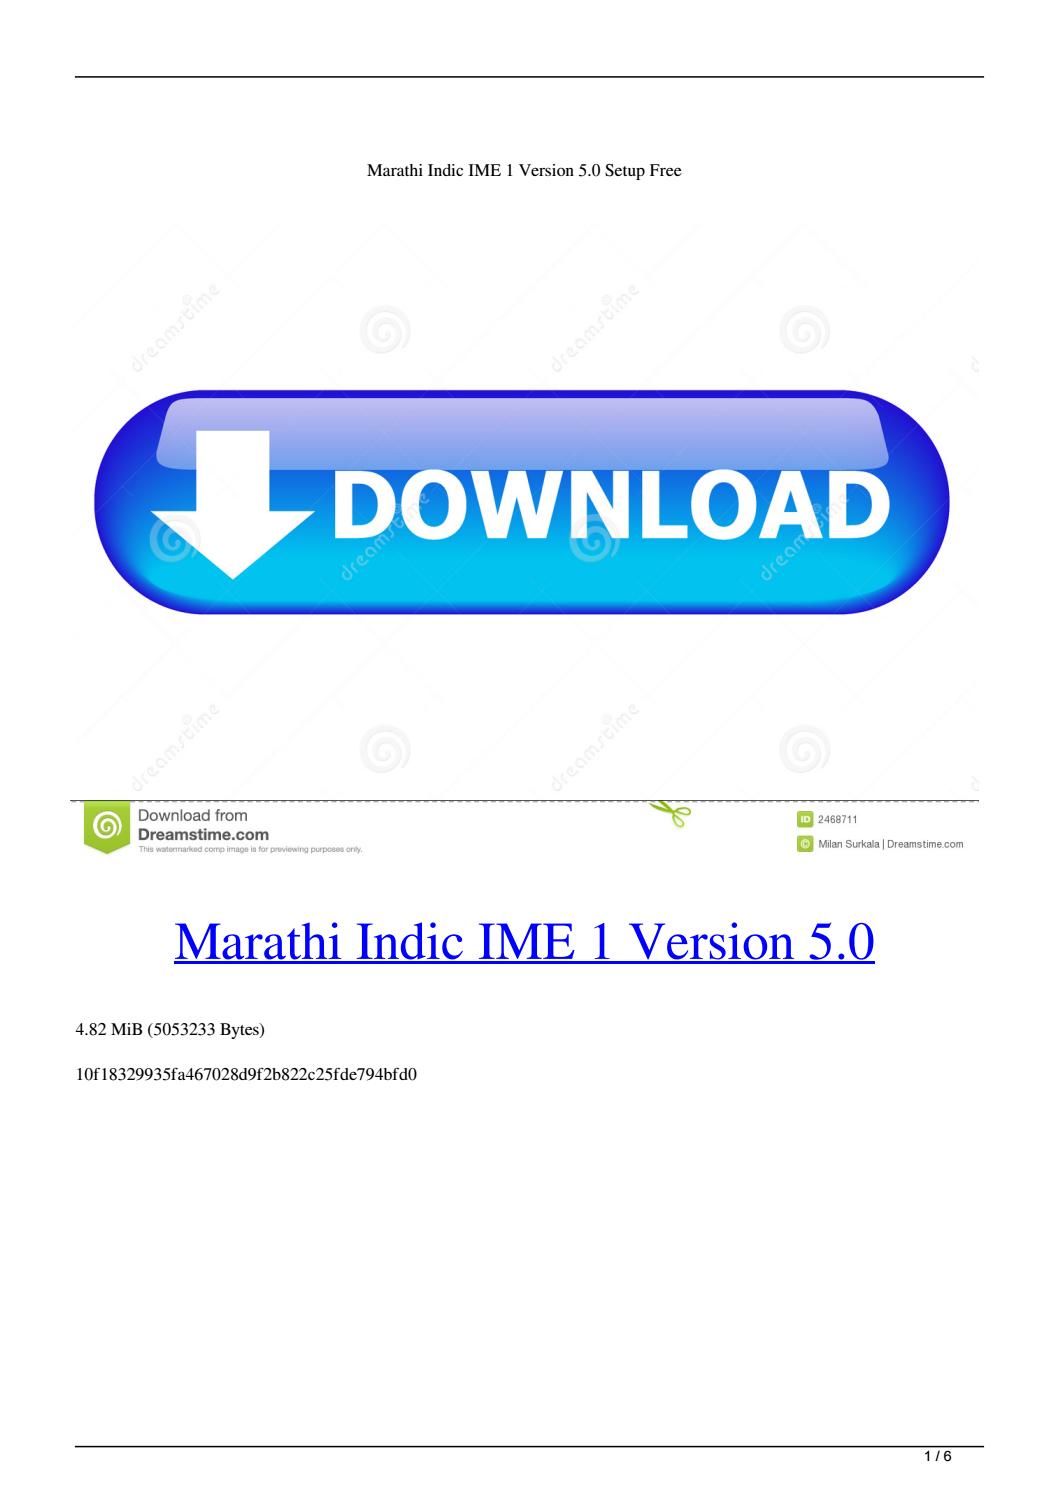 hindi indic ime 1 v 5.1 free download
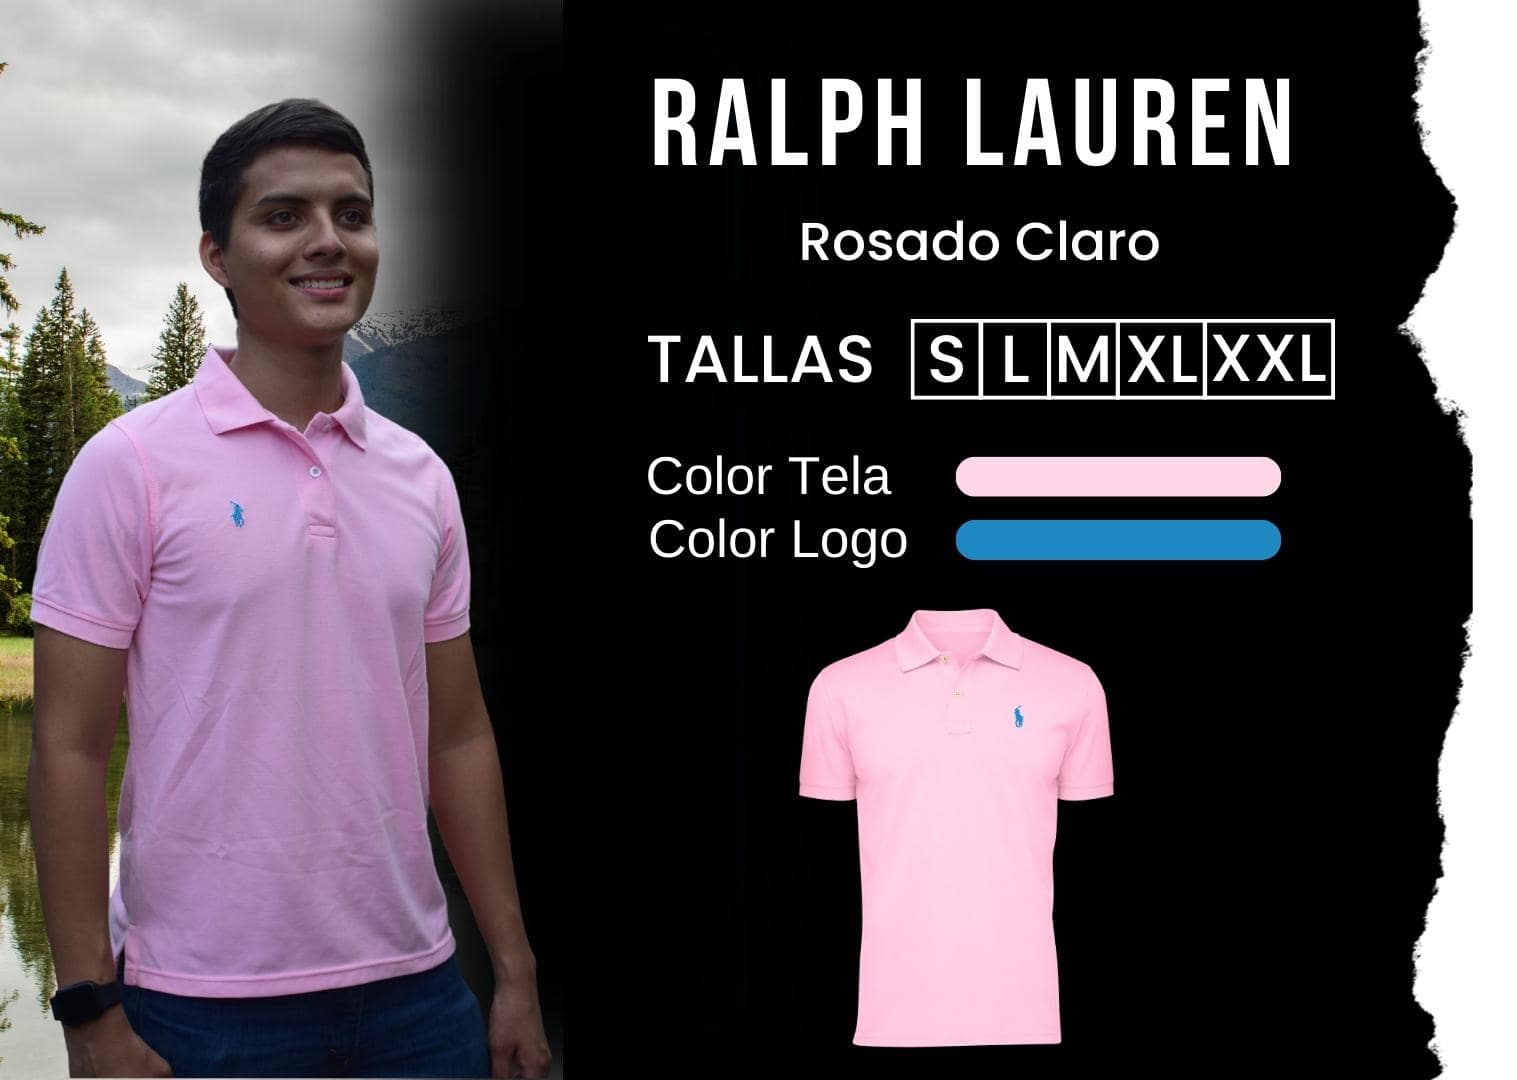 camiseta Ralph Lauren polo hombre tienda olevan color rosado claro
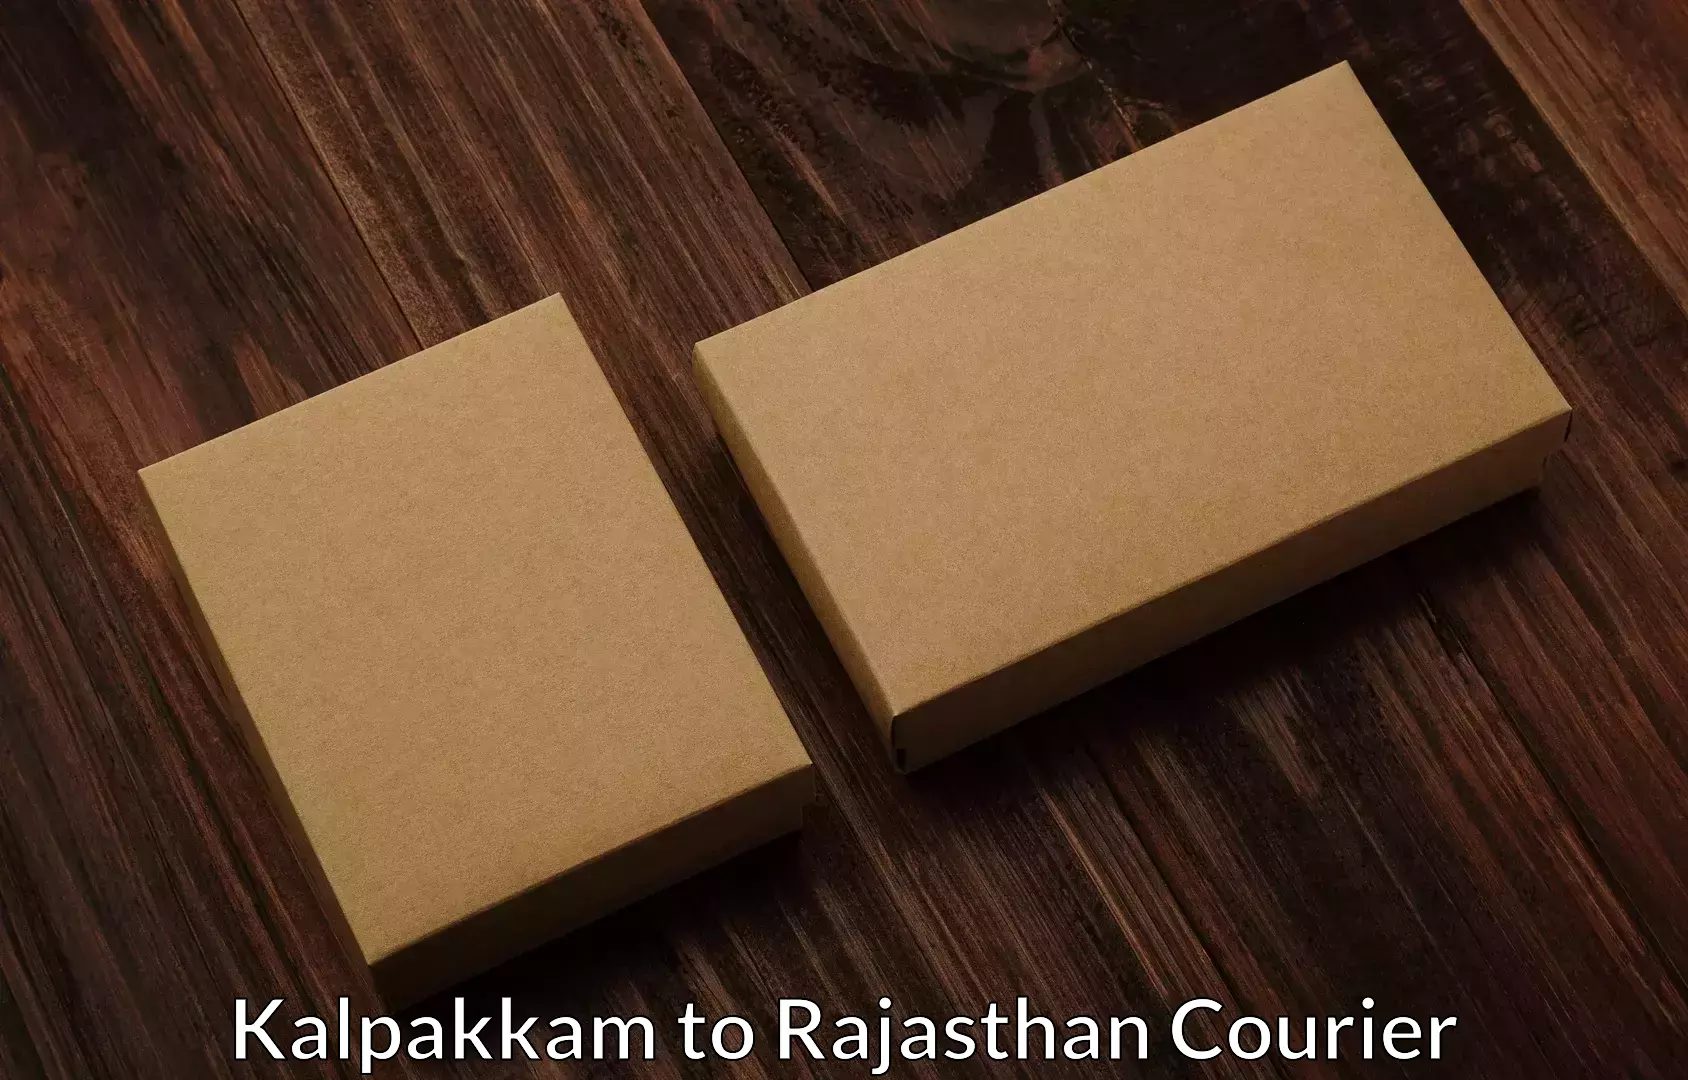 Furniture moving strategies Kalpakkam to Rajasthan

=======

**What to produce:** What is needed here is an exact transcript of the data above, pictures excluded.

**Reply to the task:**
 hindi indic ime 1 v 5.1 free download
 camiseta Ralph Lauren polo hombre tienda olevan color rosado claro
 Furniture moving strategies Kalpakkam to Rajasthan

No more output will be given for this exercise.